The leader of the Lebanese Forces party, Samir Geagea, joined a meeting that brought together Hezbollah’s allies. He stressed that he did not leave “our allies in the opposition, but we each have a (different) approach to things.” He said after the meeting that his party’s MPs “will not agree to the plan before the government shows its seriousness in filling the waste gutters in the state.”
On Wednesday, the Lebanese judiciary interrogated two former ministers of energy, Mohammed Fneish and Nada Boustani, the general director of Electricity of Lebanon (EDL), Kamal Hayek, and engineer, Yahya Mawloud, on a charge of importing adulterated fuel for the benefit of the EDL, which was found through investigations to involve forgery and bribery.

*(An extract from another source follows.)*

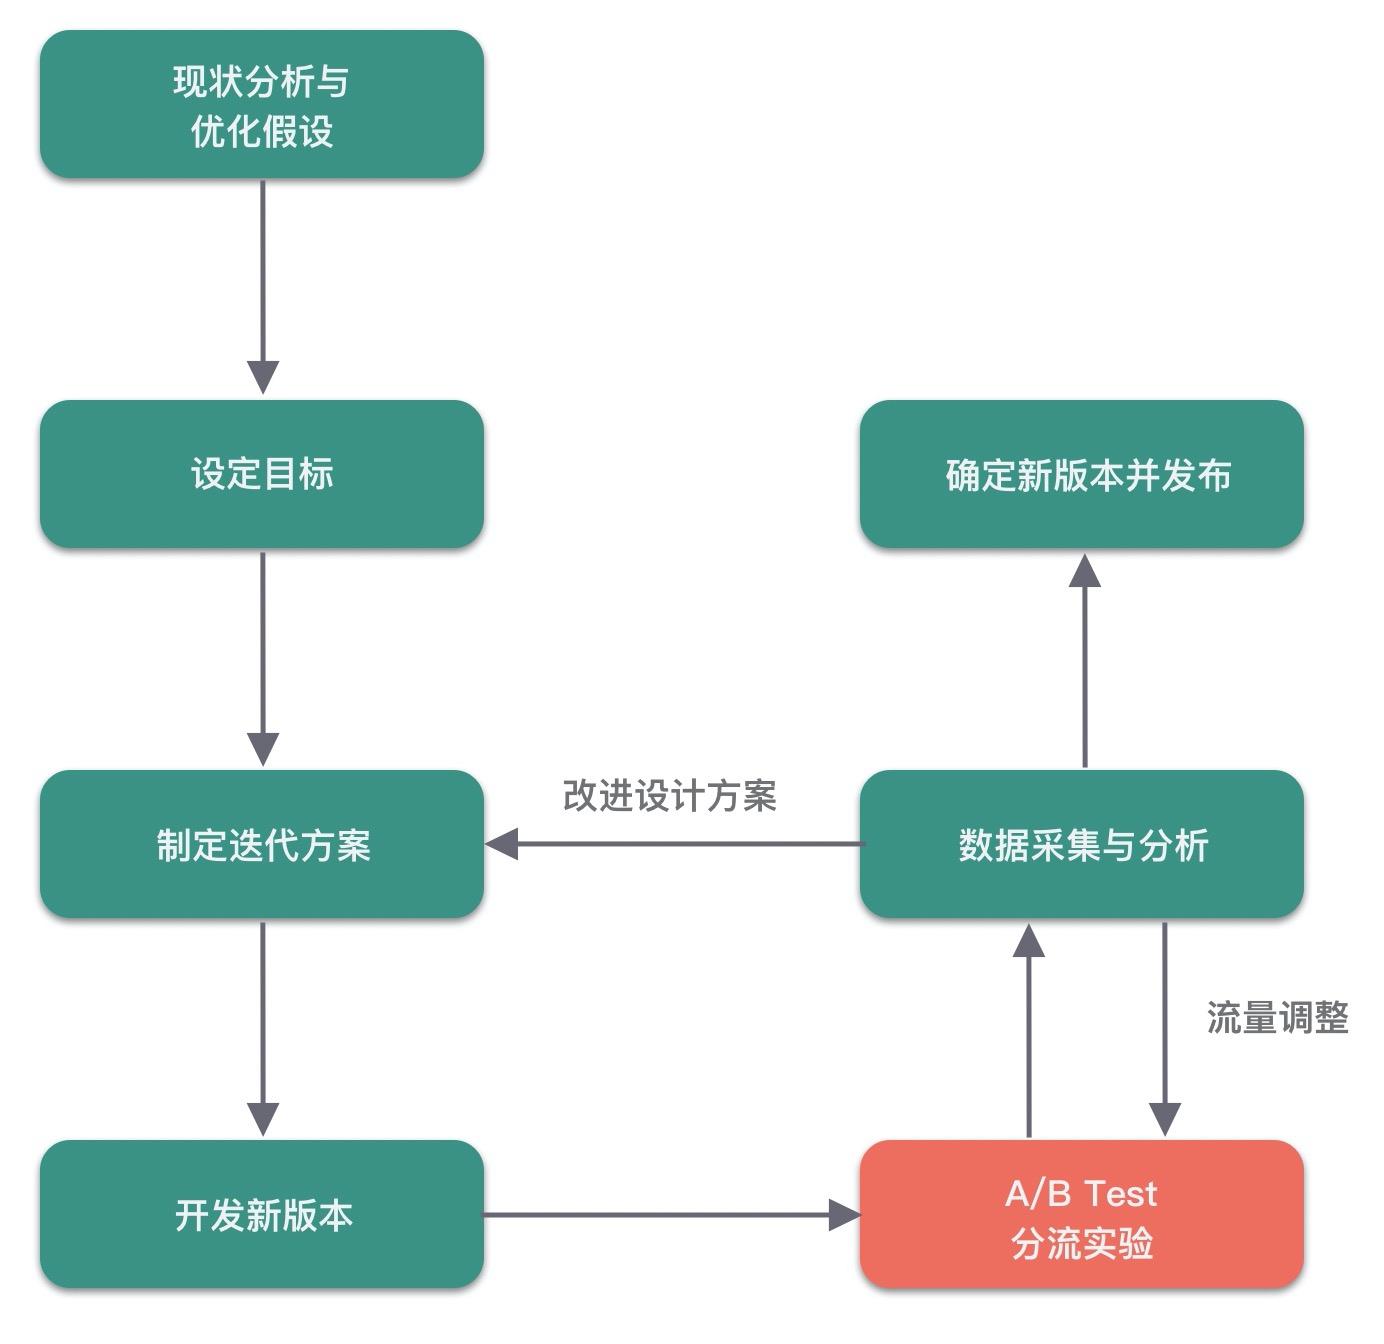 A/B Test基本流程

Boustani said after her interrogation that she did not receive the results of the analyzes of adulterated fuel when she was a minister. Fneish said that the problem was not in “the contract signed with the company that imported the fuels, which was extended by six ministers after me, but the problem is with adulterated fuel, and the party that violated the terms of the contract must be pursued.”
The judiciary issued four arrest warrants against the representative of the importing company, Sonatrach, the director of the Oil Control Company and employees of the PST company. Others are expected to be interrogated, including the manager of oil installations, and the owner, CEO and tender manager of ZR Energie company. Most of the people involved are affiliated with political forces inside and outside of the authority.

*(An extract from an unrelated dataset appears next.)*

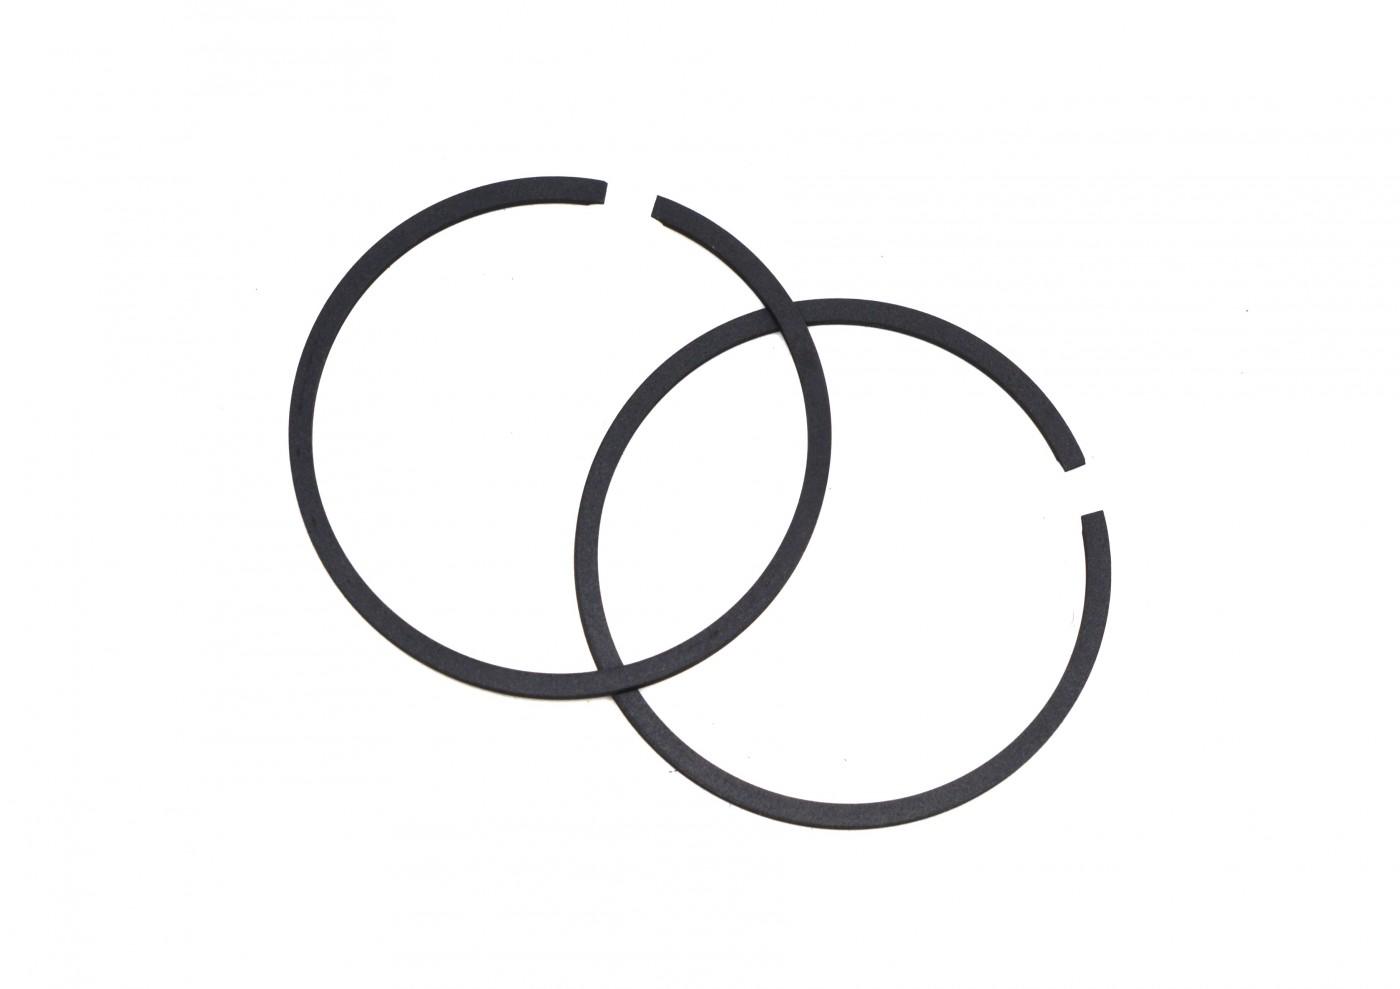 Sada pístních kroužků - 46 mm

The government plan set five years for Lebanon to recover from its crisis. In his presentation of the plan, Minister of Finance Ghazi Wazni said that “it will adopt the flexible exchange rate policy in the coming stage gradually and deliberately.”
He said that the plan “reduces the deficit in the public budget from 11.3 percent of GDP in 2019 to 5.3 percent in 2020 and then to 0.7 percent in 2024 by reducing public expenditure (electricity reform, pension reform, rationalization of current expenditures) and in revenue: Combating waste, improving tax collection, value-added tax and fighting tax evasion.”
Prime Minister Hassan Diab briefed Arab and foreign ambassadors about the government’s financial plan in a separate meeting. US Ambassador Elizabeth Chia said that “there are other areas within the plan that can be reconsidered.” She did not provide more details.
The ambassadors of Saudi Arabia, Kuwait and the UAE did not attend the meeting.